WHAT YOU HAVE TO DO
Output the data word for word, dropping every image.
**** DATASET CONTENT ****
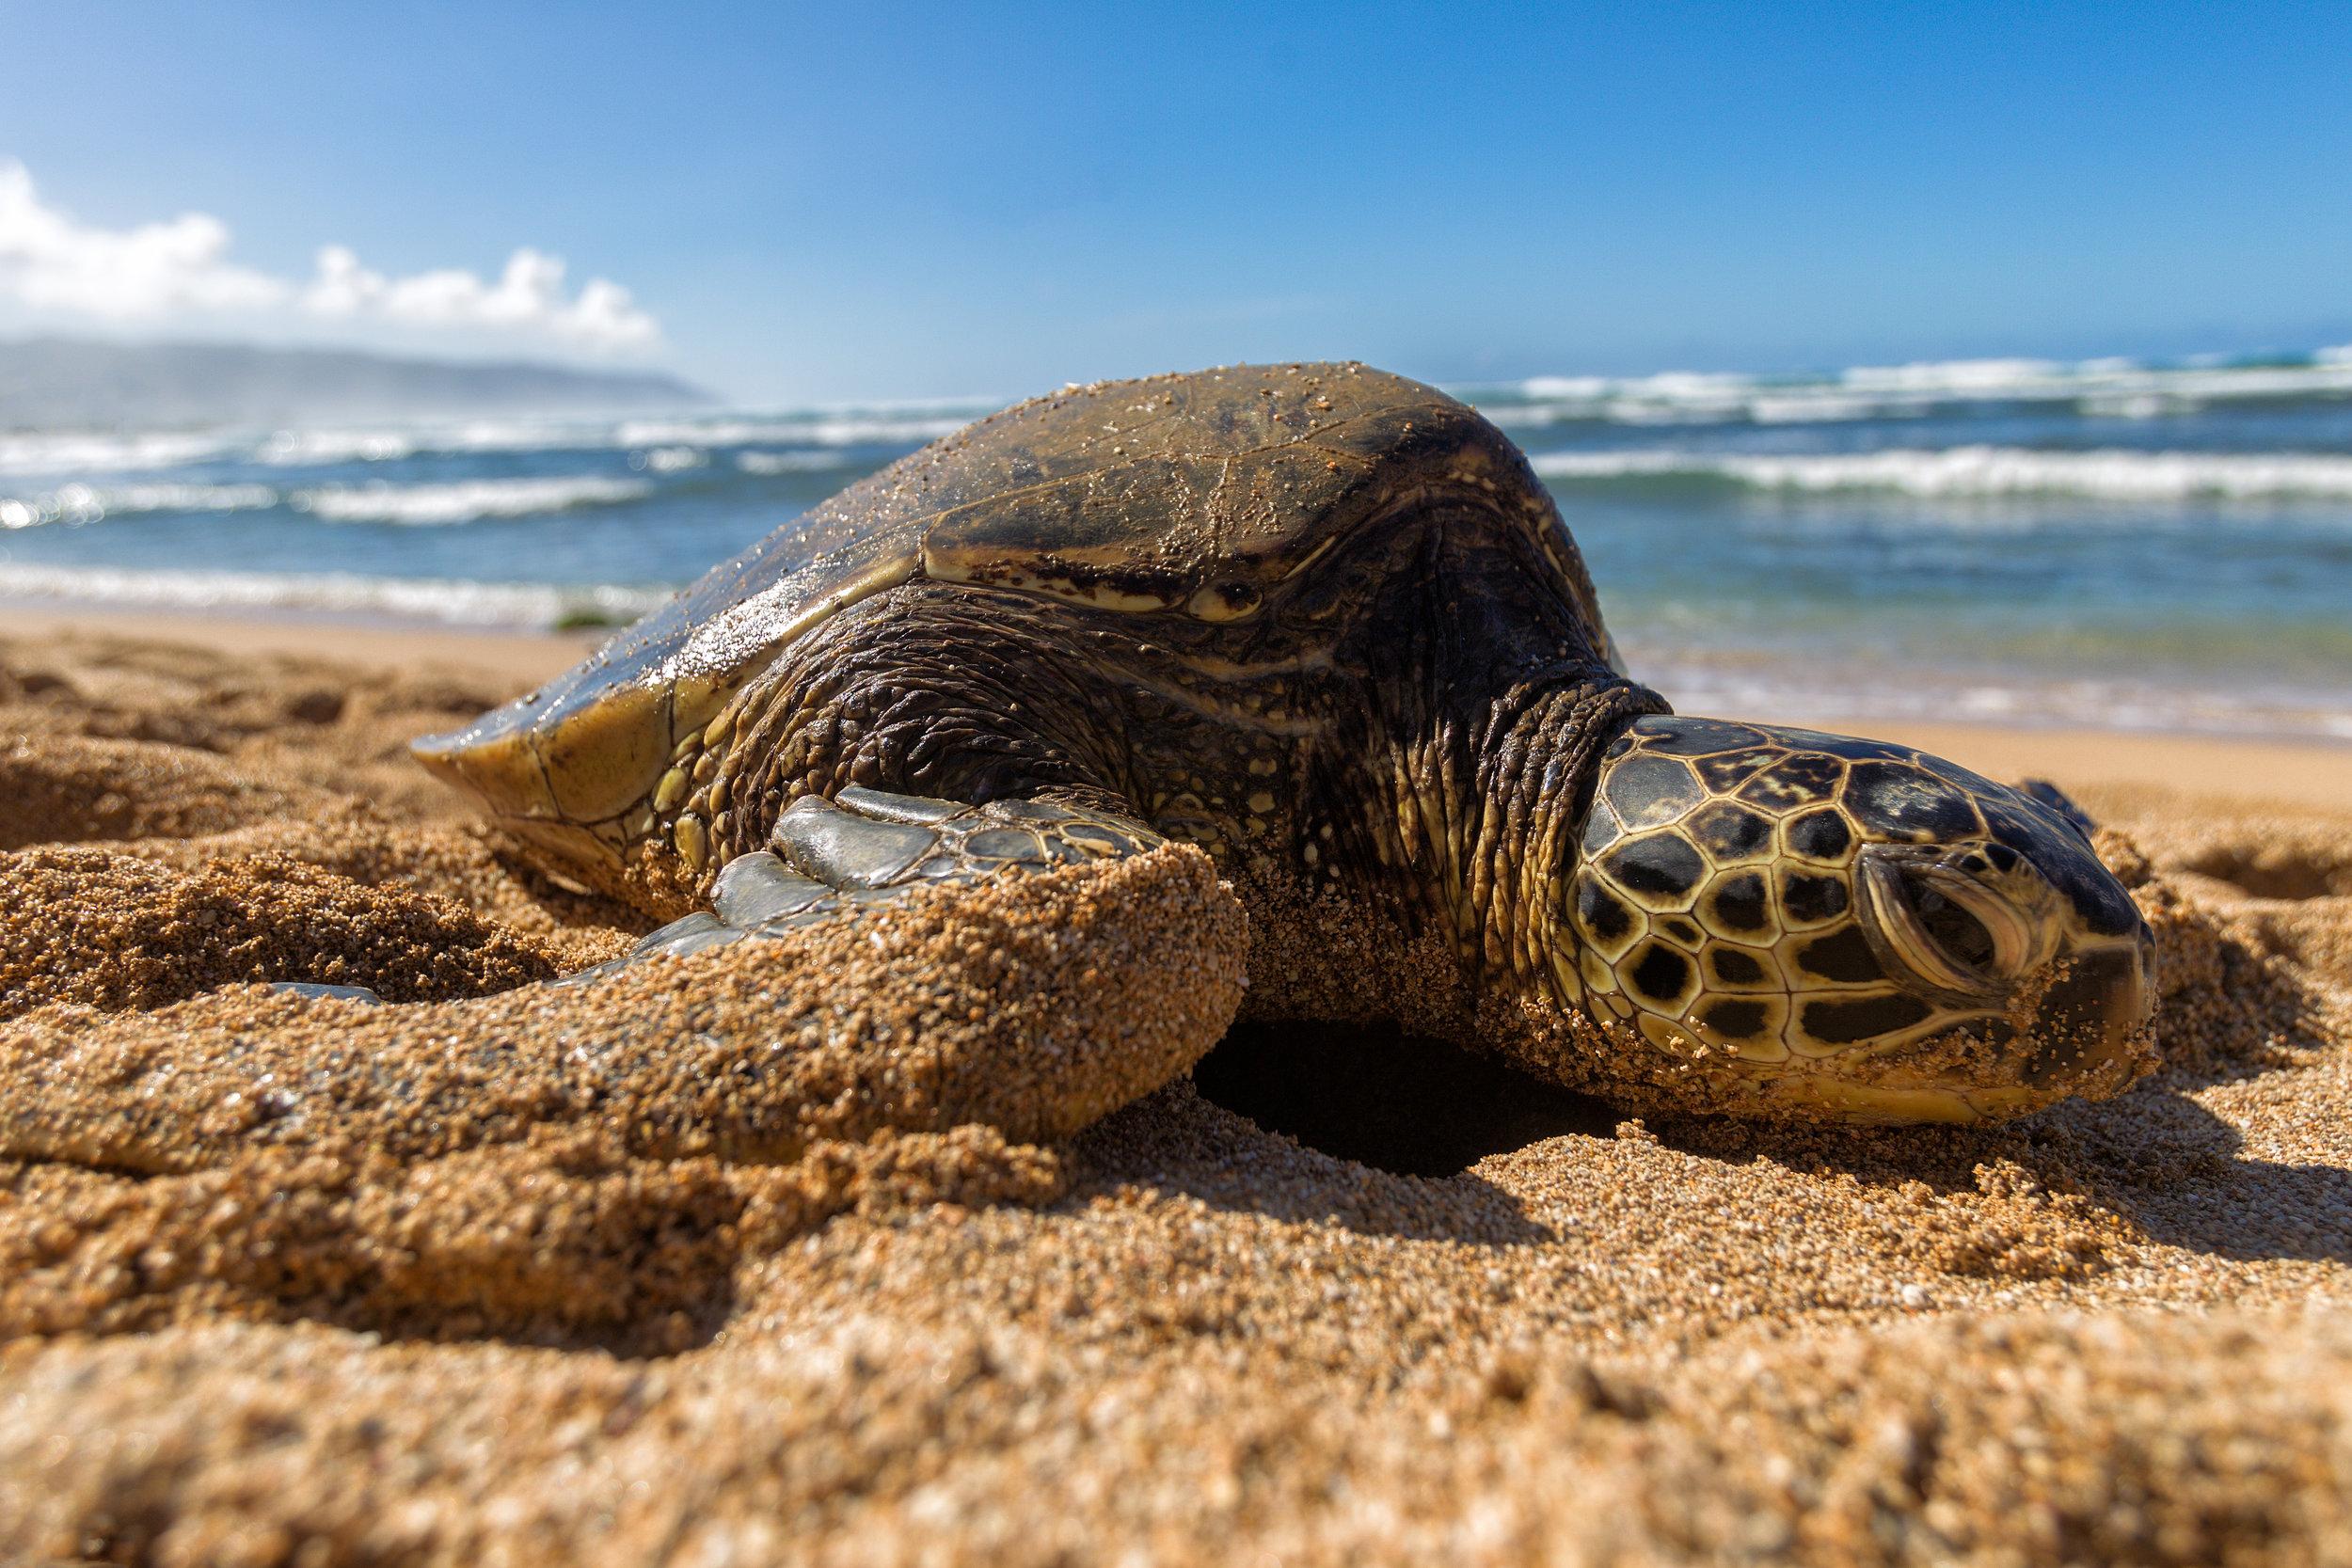 Sea-Turtle-Beached-Day.jpg
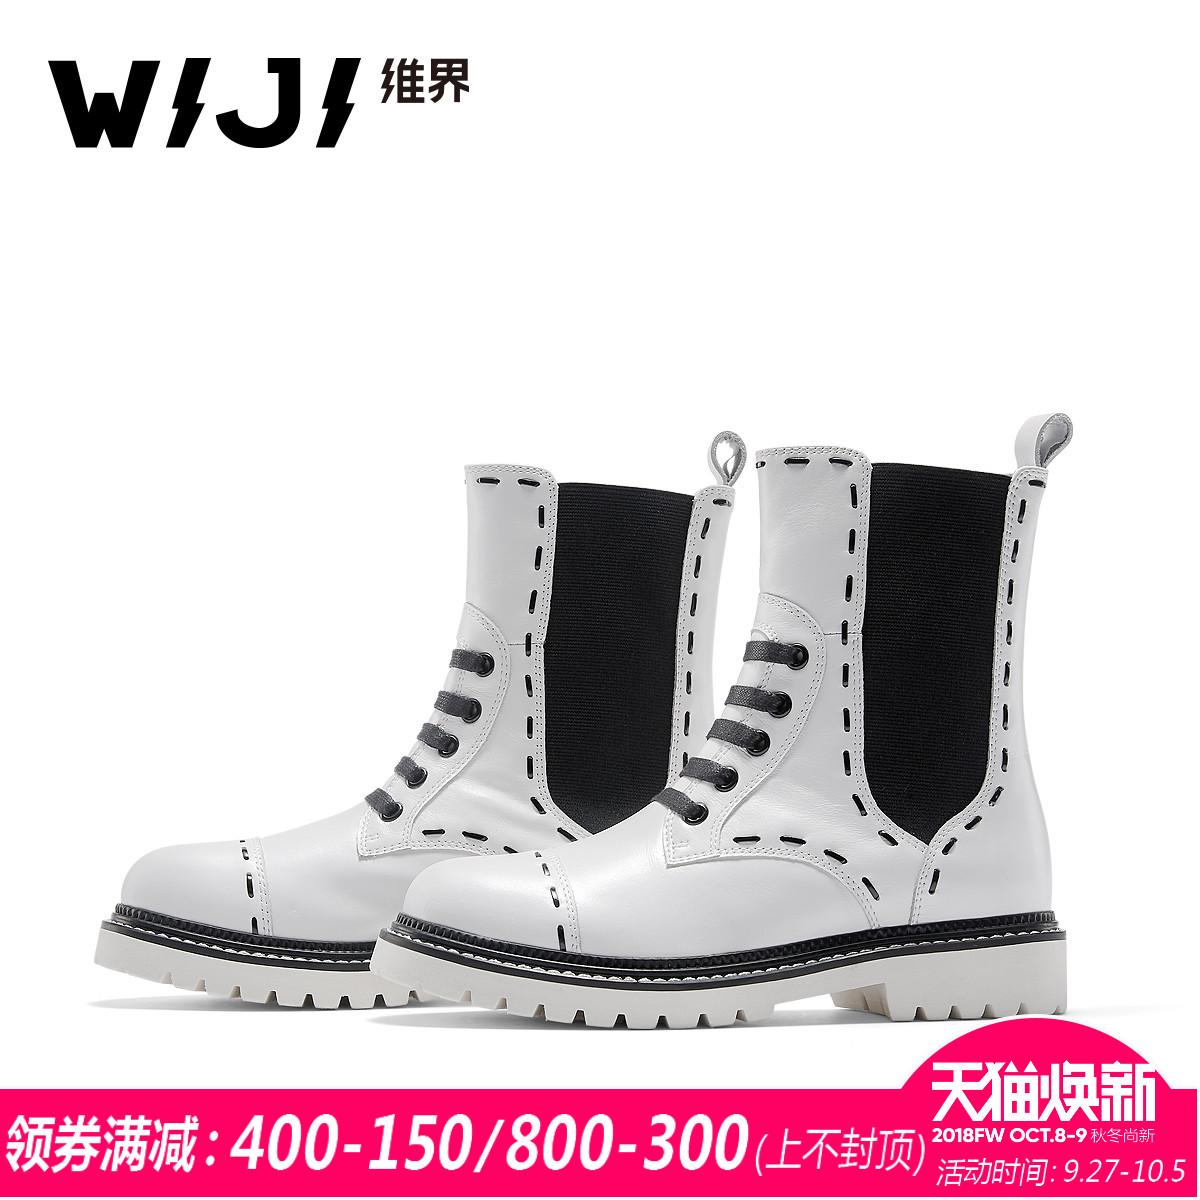 WIJI女鞋2018韩版秋冬新款牛皮时尚高筒靴潮流高帮个性休闲马丁靴
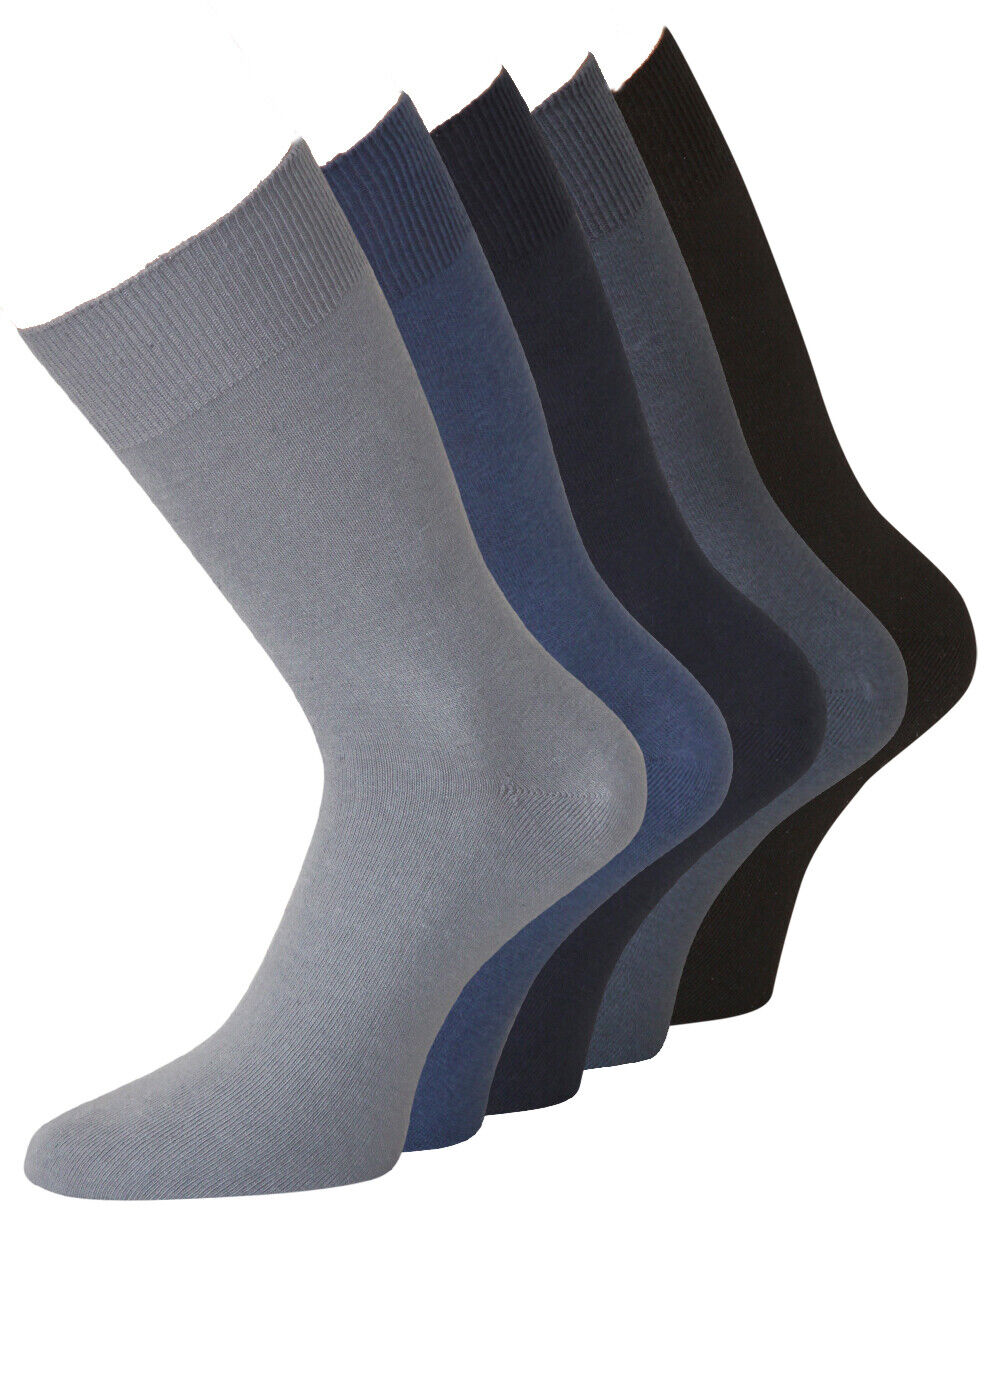 Herren Socken Baumwoll Socken Anzug Socken Strümpfe KB Socken® 5 oder 10 Paar
****
RESPONSE TO THE TASK
 Sea-Turtle-Beached-Day.jpg
 WIJI女鞋2018韩版秋冬新款牛皮时尚高筒靴潮流高帮个性休闲马丁靴
 Herren Socken Baumwoll Socken Anzug Socken Strümpfe KB Socken® 5 oder 10 Paar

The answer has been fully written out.